**RECORDS SHOWN**
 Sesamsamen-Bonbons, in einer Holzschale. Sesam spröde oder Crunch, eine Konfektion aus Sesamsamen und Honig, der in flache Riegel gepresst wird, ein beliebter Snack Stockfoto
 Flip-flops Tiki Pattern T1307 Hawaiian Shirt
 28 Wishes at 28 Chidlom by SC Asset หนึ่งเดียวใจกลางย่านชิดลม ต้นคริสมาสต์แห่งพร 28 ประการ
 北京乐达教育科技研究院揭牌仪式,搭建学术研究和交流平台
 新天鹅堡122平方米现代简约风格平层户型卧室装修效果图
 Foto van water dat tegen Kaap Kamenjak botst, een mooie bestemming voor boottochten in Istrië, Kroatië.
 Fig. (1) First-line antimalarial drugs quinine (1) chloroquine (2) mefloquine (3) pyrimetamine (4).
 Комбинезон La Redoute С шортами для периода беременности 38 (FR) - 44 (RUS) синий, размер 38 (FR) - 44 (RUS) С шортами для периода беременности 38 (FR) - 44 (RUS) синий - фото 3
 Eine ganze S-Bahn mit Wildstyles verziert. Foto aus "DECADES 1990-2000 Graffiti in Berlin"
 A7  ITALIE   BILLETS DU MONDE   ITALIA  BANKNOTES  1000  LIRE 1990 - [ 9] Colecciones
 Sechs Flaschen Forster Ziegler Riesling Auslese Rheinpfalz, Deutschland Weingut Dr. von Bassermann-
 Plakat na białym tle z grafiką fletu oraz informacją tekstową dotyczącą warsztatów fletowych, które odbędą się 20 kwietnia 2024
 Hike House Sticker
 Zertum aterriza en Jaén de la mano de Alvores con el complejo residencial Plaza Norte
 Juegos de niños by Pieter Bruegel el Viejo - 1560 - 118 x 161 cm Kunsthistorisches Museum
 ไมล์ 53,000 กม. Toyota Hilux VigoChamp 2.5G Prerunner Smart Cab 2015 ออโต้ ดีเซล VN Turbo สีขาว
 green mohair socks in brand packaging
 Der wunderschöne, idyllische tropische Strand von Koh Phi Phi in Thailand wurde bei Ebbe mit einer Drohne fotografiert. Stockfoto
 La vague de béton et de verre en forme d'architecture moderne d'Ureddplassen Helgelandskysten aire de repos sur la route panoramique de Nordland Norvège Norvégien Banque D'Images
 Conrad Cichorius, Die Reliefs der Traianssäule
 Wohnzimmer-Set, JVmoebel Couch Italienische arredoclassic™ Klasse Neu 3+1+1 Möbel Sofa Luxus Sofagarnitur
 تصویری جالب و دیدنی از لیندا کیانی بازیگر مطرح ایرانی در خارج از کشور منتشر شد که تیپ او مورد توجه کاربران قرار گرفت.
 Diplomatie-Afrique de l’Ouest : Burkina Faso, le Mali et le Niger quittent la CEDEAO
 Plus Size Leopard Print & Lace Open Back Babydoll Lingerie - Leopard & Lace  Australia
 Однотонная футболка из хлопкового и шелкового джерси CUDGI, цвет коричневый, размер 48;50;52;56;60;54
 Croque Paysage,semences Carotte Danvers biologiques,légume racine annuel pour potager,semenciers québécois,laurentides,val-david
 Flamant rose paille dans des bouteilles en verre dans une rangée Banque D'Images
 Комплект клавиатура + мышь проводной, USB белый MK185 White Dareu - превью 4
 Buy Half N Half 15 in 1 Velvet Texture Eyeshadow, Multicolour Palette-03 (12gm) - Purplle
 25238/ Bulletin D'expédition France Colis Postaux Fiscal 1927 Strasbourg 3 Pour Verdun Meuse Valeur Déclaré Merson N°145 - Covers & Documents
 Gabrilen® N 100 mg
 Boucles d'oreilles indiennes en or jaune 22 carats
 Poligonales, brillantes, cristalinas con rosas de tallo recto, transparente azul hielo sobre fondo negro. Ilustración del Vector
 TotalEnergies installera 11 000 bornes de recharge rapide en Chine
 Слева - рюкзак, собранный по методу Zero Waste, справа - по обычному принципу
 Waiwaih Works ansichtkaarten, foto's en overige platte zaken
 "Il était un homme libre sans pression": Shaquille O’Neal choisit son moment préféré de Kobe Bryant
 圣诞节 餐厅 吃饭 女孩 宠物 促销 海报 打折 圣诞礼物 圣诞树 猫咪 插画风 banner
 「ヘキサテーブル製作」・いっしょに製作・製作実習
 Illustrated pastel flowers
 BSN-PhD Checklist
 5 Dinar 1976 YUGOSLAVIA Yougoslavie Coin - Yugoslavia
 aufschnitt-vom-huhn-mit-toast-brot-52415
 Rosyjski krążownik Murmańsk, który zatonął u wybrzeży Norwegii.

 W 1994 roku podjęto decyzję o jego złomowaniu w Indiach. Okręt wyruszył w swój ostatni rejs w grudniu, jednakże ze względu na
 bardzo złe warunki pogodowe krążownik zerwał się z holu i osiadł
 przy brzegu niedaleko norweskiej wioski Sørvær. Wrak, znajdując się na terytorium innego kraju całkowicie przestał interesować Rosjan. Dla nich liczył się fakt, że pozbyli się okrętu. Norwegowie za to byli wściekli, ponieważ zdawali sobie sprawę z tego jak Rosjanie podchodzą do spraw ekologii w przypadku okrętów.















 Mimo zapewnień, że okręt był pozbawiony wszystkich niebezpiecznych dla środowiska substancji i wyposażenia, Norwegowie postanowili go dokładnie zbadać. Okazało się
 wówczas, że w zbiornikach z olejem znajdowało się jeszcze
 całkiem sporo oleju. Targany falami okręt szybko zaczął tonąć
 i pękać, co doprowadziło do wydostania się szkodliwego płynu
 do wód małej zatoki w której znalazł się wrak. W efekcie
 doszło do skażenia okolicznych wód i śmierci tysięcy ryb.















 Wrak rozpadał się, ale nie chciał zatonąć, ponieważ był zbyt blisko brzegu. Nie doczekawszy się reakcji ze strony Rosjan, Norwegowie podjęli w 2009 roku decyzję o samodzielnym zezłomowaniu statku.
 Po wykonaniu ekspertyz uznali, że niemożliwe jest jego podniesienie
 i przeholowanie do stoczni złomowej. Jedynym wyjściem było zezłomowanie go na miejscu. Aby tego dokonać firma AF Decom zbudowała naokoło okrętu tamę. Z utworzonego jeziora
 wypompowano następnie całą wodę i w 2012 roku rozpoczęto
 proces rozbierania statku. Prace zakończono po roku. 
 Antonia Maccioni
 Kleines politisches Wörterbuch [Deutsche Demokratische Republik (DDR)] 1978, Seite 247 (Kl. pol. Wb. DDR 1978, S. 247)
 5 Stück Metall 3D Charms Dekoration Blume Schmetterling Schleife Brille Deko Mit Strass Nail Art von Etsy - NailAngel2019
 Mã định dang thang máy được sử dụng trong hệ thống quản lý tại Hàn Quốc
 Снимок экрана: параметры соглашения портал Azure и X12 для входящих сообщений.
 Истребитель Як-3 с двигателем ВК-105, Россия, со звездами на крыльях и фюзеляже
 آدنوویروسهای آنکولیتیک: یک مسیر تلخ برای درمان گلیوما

**TASK TO COMPLETE**
Please reproduce exactly the lines from the first one of the records above through the line containing "北京乐达教育科技研究院揭牌仪式,搭建学术研究和交流平台", both included, and nothing else.

**SOLUTION TO THIS EXERCISE**
 Sesamsamen-Bonbons, in einer Holzschale. Sesam spröde oder Crunch, eine Konfektion aus Sesamsamen und Honig, der in flache Riegel gepresst wird, ein beliebter Snack Stockfoto
 Flip-flops Tiki Pattern T1307 Hawaiian Shirt
 28 Wishes at 28 Chidlom by SC Asset หนึ่งเดียวใจกลางย่านชิดลม ต้นคริสมาสต์แห่งพร 28 ประการ
 北京乐达教育科技研究院揭牌仪式,搭建学术研究和交流平台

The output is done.